Abstract:
"
Sinhala is a low resource language that is spoken by 16 million people in Sri Lanka which is
the native language of Sinhalese people. Due to the lack of resources, there are only a minimal
amount of researches conducted in the territory of sentiment analysis based on the Sinhala
language when compared to other languages like English and Chinese. Most of the existing
researches have been conducted by using lexicons and dictionary-based approaches combined
with classification algorithms. With the advancements of word embedding and deep learning
techniques, recent researches have emerged with utilizing these techniques in the Sinhala
language domain for sentiment analysis and text classification tasks.
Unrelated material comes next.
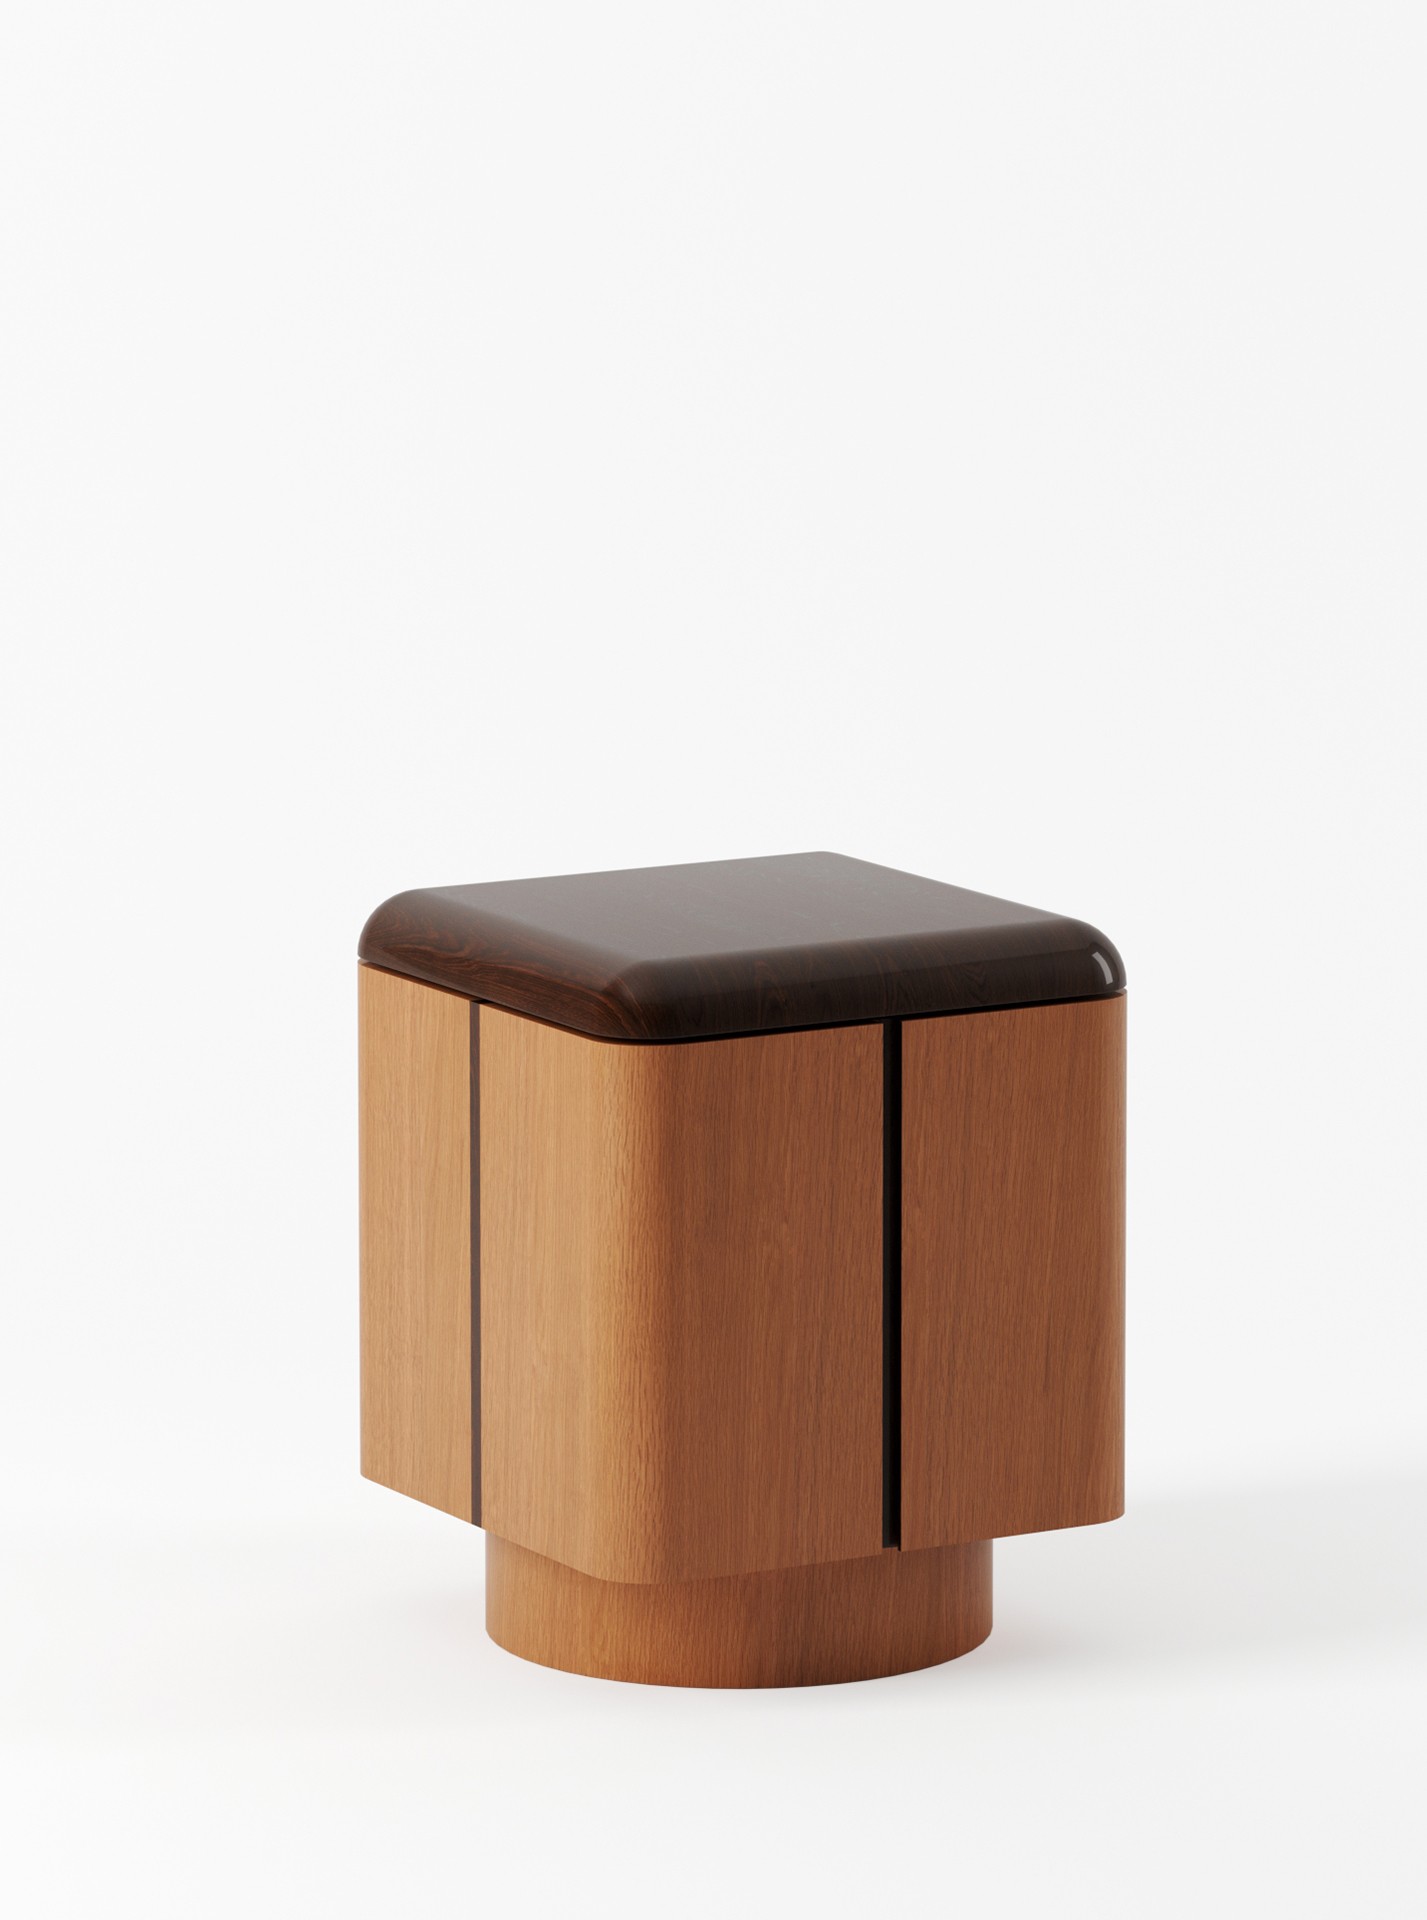 a wooden stool with a black leather seat
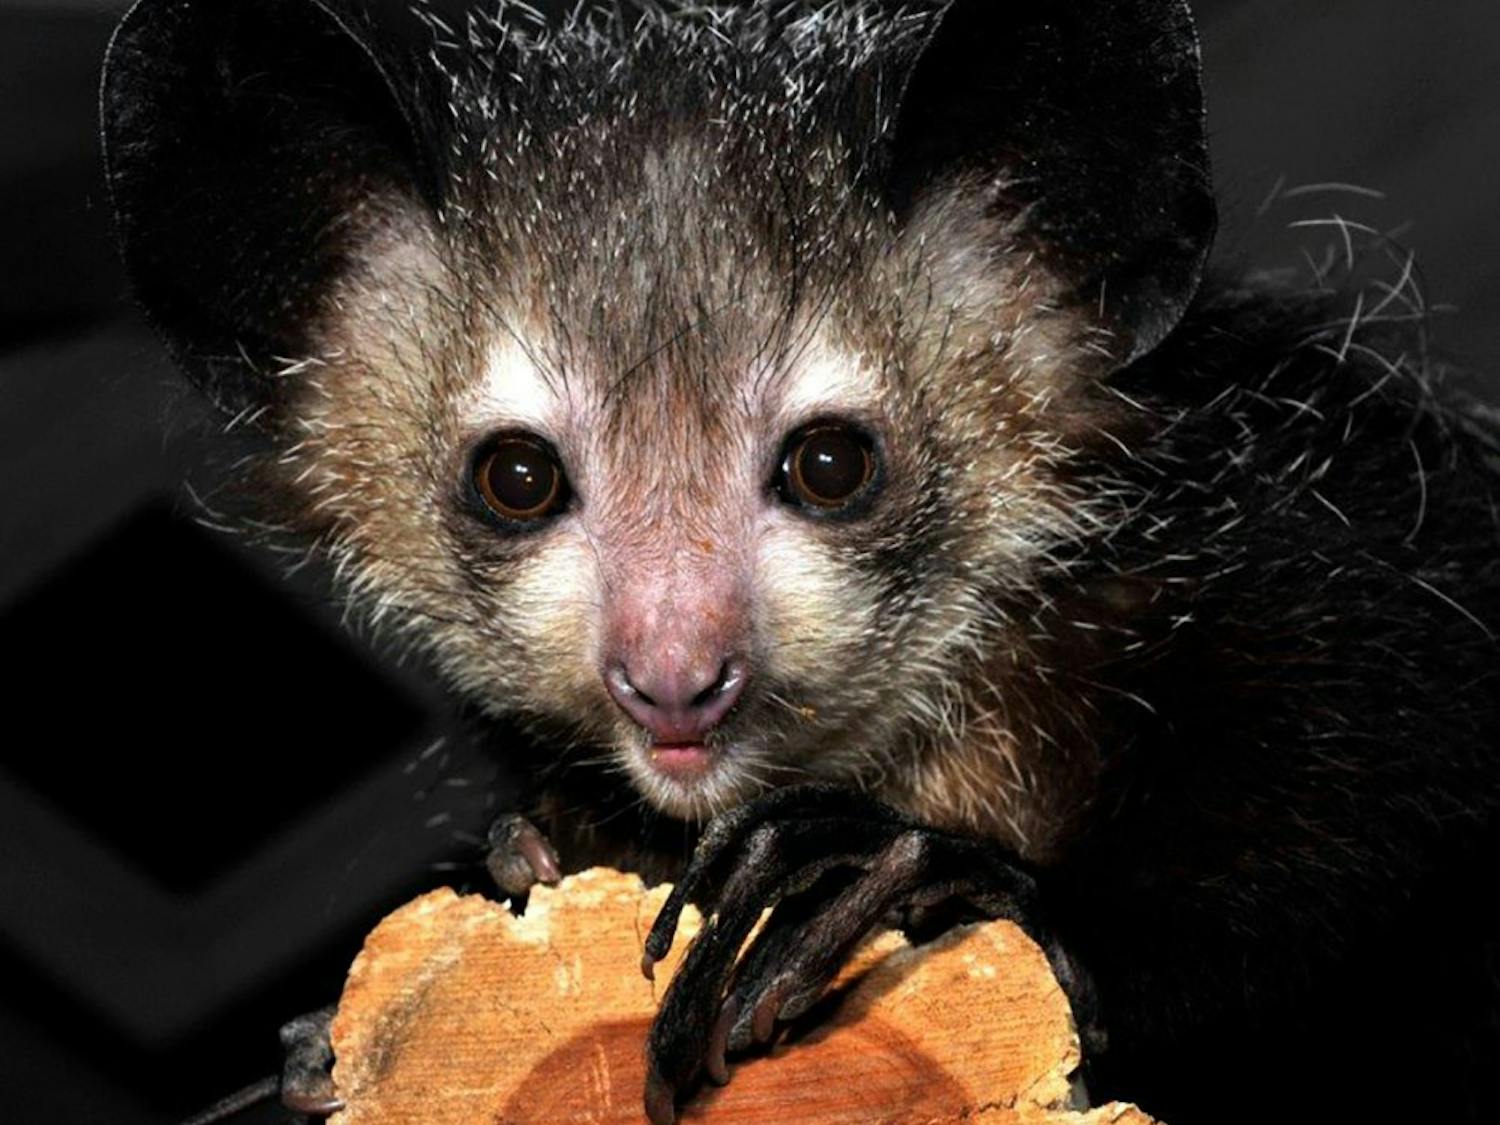 Four aye-aye lemurs died last October because of toxins in avocados that they were fed.&nbsp;

Even more recent
developments in the Natural Language Processing (NLP) landscape like Bidirectional Encoder
Representations from Transformers (BERT) based language models which have achieved
state-of-the-art results for a variety of tasks in the NLP domain haven’t been applied to the
Sinhala language domain as of now.
Therefore, we introduced a sentiment analysis model for the Sinhala language by using BERT
based language model known as Language-agnostic BERT Sentence Embedding (LaBSE). The
classification is done using both binary and multiclass dataset consisting of Sinhala news
comments. An F1-score of 89.82% for the binary classification and an F1-score of 64.72%for
the multiclass classification was achieved by the newly introduced model which surpasses the
existing research achievements carried out using deep learning and static word embedding
approaches.
"